++++ Data listing ++++

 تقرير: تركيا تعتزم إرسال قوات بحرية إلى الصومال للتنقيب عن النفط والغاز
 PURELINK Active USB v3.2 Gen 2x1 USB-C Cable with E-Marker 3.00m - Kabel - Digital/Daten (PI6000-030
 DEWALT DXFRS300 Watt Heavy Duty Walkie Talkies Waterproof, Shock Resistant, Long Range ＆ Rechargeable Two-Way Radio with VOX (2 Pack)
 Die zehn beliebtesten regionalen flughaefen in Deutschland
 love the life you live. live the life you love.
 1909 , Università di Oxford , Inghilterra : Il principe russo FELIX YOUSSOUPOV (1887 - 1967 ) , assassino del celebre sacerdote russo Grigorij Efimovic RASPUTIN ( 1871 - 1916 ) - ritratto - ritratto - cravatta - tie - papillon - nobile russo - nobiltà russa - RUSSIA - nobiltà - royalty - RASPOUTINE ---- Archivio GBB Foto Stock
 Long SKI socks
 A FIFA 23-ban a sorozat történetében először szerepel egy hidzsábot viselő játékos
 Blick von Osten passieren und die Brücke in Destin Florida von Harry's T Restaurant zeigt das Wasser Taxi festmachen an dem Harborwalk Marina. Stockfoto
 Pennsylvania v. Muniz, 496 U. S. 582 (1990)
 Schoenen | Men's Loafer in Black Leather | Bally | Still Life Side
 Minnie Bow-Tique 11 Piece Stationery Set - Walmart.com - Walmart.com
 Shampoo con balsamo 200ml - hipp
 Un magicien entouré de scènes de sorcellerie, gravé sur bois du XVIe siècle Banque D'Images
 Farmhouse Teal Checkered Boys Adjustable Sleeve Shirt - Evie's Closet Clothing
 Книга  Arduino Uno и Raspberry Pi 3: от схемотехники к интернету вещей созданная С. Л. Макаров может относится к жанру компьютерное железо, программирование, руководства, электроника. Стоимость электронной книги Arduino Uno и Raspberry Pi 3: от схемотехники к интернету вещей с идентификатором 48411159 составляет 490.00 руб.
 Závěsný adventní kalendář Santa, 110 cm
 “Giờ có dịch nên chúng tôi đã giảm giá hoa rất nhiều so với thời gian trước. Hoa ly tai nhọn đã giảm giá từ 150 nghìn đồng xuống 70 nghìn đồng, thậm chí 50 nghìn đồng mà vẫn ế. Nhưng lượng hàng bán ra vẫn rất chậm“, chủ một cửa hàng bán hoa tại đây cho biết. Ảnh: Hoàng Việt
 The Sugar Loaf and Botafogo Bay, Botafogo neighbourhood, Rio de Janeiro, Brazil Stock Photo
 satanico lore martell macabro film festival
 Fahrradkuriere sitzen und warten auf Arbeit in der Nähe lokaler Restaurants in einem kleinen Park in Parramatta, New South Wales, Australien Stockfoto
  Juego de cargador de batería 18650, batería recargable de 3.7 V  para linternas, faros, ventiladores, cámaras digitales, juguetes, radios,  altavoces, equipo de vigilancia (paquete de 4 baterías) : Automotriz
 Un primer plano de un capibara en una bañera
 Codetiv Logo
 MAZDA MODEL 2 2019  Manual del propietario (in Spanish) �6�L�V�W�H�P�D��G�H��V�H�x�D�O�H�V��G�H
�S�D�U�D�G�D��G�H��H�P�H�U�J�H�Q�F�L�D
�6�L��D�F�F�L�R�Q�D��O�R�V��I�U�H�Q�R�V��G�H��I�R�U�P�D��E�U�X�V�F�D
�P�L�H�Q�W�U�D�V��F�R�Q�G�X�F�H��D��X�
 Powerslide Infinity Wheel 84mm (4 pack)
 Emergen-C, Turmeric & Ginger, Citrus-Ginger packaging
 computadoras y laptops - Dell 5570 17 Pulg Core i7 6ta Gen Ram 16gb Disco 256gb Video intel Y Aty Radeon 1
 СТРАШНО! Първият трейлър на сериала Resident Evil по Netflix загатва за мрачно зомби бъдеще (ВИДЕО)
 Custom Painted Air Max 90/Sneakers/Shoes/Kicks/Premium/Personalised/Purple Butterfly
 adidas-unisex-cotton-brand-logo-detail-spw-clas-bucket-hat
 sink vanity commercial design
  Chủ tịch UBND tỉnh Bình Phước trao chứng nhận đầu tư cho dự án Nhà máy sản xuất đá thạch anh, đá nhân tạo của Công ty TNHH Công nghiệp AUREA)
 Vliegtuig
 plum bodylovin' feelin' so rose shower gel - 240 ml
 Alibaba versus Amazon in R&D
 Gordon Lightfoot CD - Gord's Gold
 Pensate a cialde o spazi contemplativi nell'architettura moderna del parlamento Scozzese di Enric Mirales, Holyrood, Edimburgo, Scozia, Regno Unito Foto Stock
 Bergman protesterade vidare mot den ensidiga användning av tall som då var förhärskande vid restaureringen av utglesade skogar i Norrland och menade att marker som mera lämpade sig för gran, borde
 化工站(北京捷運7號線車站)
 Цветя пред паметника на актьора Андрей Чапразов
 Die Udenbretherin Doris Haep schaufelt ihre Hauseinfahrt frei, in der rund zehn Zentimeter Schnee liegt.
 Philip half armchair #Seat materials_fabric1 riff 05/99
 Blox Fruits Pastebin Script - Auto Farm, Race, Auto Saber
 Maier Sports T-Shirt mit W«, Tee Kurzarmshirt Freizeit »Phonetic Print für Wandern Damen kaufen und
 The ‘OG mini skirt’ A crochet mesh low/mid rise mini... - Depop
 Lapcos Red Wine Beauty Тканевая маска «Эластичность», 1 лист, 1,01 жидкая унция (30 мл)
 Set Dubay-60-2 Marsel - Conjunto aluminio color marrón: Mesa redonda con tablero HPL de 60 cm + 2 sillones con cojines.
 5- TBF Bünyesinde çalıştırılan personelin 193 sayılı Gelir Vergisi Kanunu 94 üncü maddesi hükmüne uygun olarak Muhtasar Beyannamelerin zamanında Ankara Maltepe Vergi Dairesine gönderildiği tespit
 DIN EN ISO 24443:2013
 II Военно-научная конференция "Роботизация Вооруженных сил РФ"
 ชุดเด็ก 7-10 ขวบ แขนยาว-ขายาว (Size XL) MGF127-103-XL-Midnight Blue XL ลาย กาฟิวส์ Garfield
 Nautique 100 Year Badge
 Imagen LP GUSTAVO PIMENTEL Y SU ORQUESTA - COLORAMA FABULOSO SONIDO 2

++++

Required action:
Since only part of the listing is wanted, copy exactly the lines from the one holding "Un primer plano de un capibara en una bañera" to the one holding "sink vanity commercial design", both included.

Answer space:
 Un primer plano de un capibara en una bañera
 Codetiv Logo
 MAZDA MODEL 2 2019  Manual del propietario (in Spanish) �6�L�V�W�H�P�D��G�H��V�H�x�D�O�H�V��G�H
�S�D�U�D�G�D��G�H��H�P�H�U�J�H�Q�F�L�D
�6�L��D�F�F�L�R�Q�D��O�R�V��I�U�H�Q�R�V��G�H��I�R�U�P�D��E�U�X�V�F�D
�P�L�H�Q�W�U�D�V��F�R�Q�G�X�F�H��D��X�
 Powerslide Infinity Wheel 84mm (4 pack)
 Emergen-C, Turmeric & Ginger, Citrus-Ginger packaging
 computadoras y laptops - Dell 5570 17 Pulg Core i7 6ta Gen Ram 16gb Disco 256gb Video intel Y Aty Radeon 1
 СТРАШНО! Първият трейлър на сериала Resident Evil по Netflix загатва за мрачно зомби бъдеще (ВИДЕО)
 Custom Painted Air Max 90/Sneakers/Shoes/Kicks/Premium/Personalised/Purple Butterfly
 adidas-unisex-cotton-brand-logo-detail-spw-clas-bucket-hat
 sink vanity commercial design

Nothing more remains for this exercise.